# sites with direct water connection



## Chaya (Nov 4, 2010)

*Direct hook-up to water tap?*

Could anyone let me know if they've discovered any sites in Devon or Cornwall where you can hook up to a water tap directly?
I've heard that this facility exists, but I guess you have to pay more for it. (I'm thinking it would be good for showering.)


----------



## CurlyBoy (Jan 13, 2008)

Hi, yeah there is a site at Newquay, Itchy Feet, but expect to pay about £40/night as it is primarily for RV's.

curlyboy


----------



## boringfrog (Sep 22, 2006)

*Shower in*

Our cold water tank holds 70ltrs hot water 12ltrs, enough for two long showers and wash the dishes. Are you talking about a hot water hook-up?


----------



## Bob45 (Jan 22, 2007)

*Direct hook-up to water tap?*

Most Caravan Club sites have "serviced pitches" which are slightly more expensive but include a fresh water connection and small grid for dumping waste water.
You obviously need the right tap connections and extension pipe for waste water.

Bob


----------



## Marrabone (Apr 8, 2010)

Hi,

The newly renovated CC site at Looe has a few serviced pitches. I think they are about £3.50 per night extra. Very nice site too.


----------



## Annsman (Nov 8, 2007)

Like "boringfrog" I'm not sure why you think a direct water hook up would be an advantage for showering.


----------



## Rapide561 (Oct 1, 2005)

*Water*



Annsman said:


> Like "boringfrog" I'm not sure why you think a direct water hook up would be an advantage for showering.
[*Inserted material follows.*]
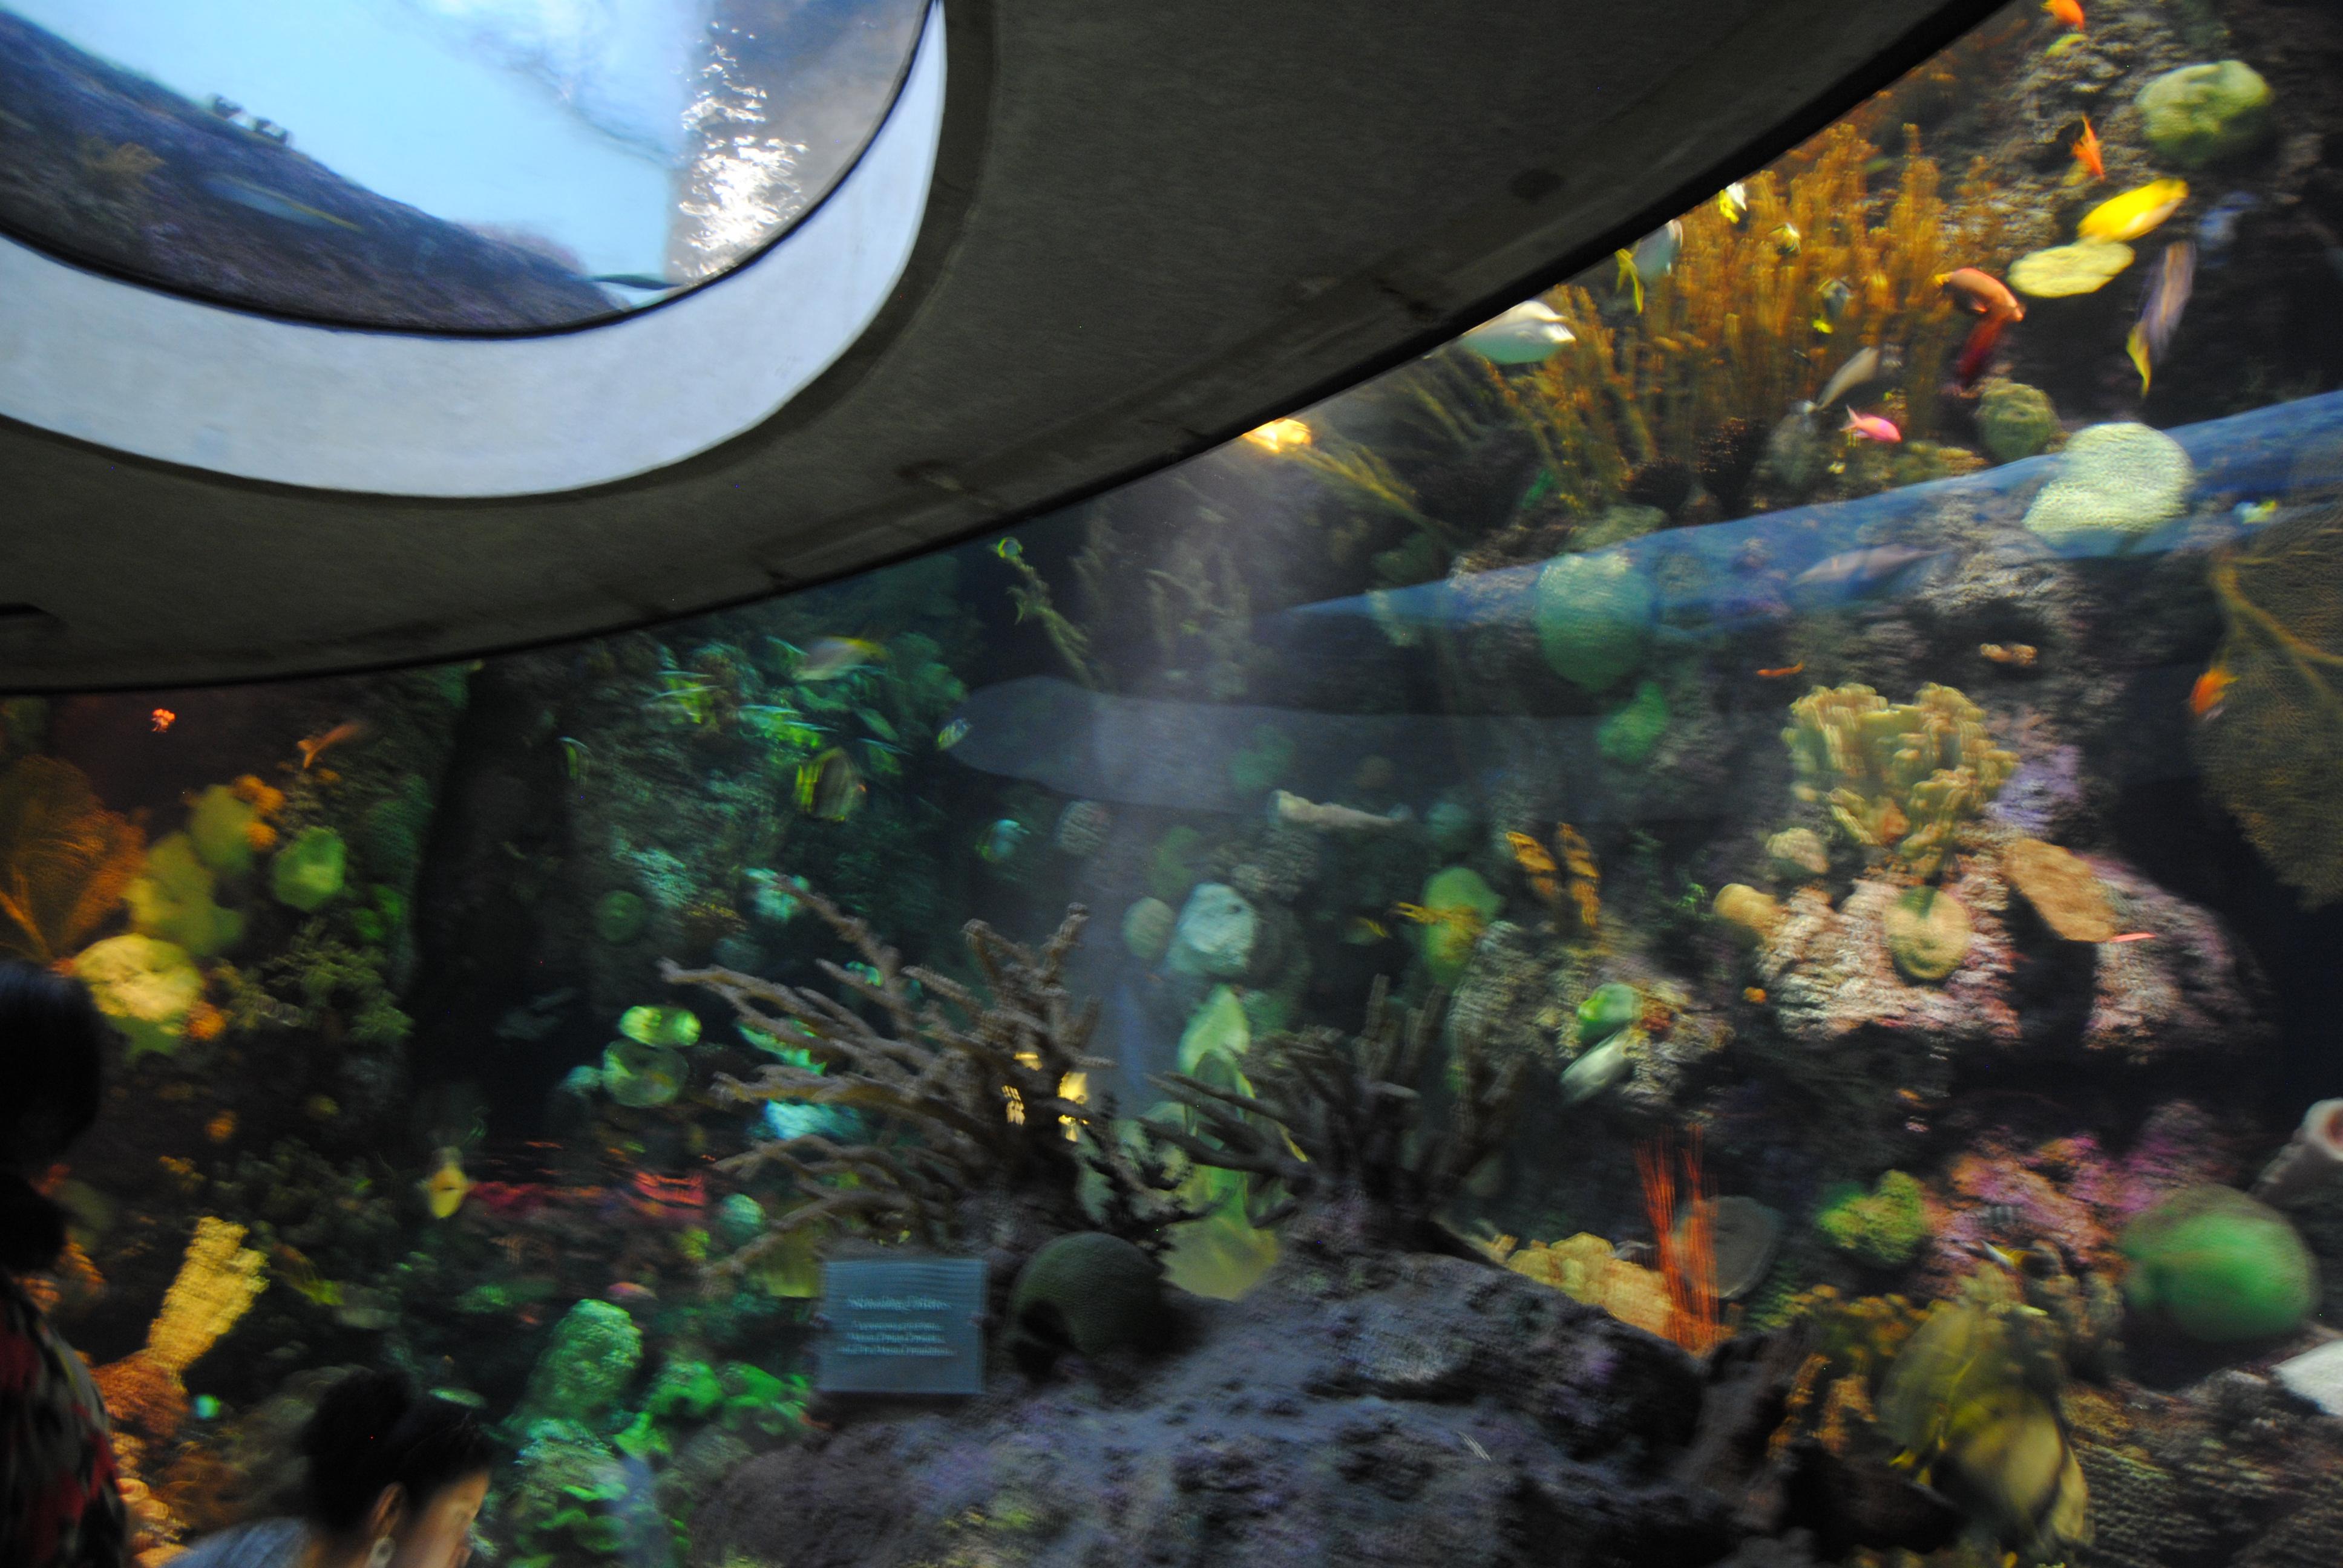 Shedd Aquarium School Tours

Presumably to avoid the need to move the motorhome to fill with water, or the never ending run with a jerrican.

Russell


----------



## Stanner (Aug 17, 2006)

*Re: Water*



Rapide561 said:


> Annsman said:
> 
> 
> > Like "boringfrog" I'm not sure why you think a direct water hook up would be an advantage for showering.
> ...


But surely you need the right sort of plumbing in the van to be able to make use of it - just having a hose running all the time isn't going to achieve anything other than a very wet patch under the filler hatch. ??


----------



## PeterandLinda (Feb 21, 2009)

Hi

If you think you are going to get a shower like in a house, forget it.

You could get one in the campsite showers, but not in the van as it is designed to conserve water and power, even if you were connected to mains water.

Even American RVs with full 'town water' and sewage connections don't give 'power shower' facilities.

P&L


----------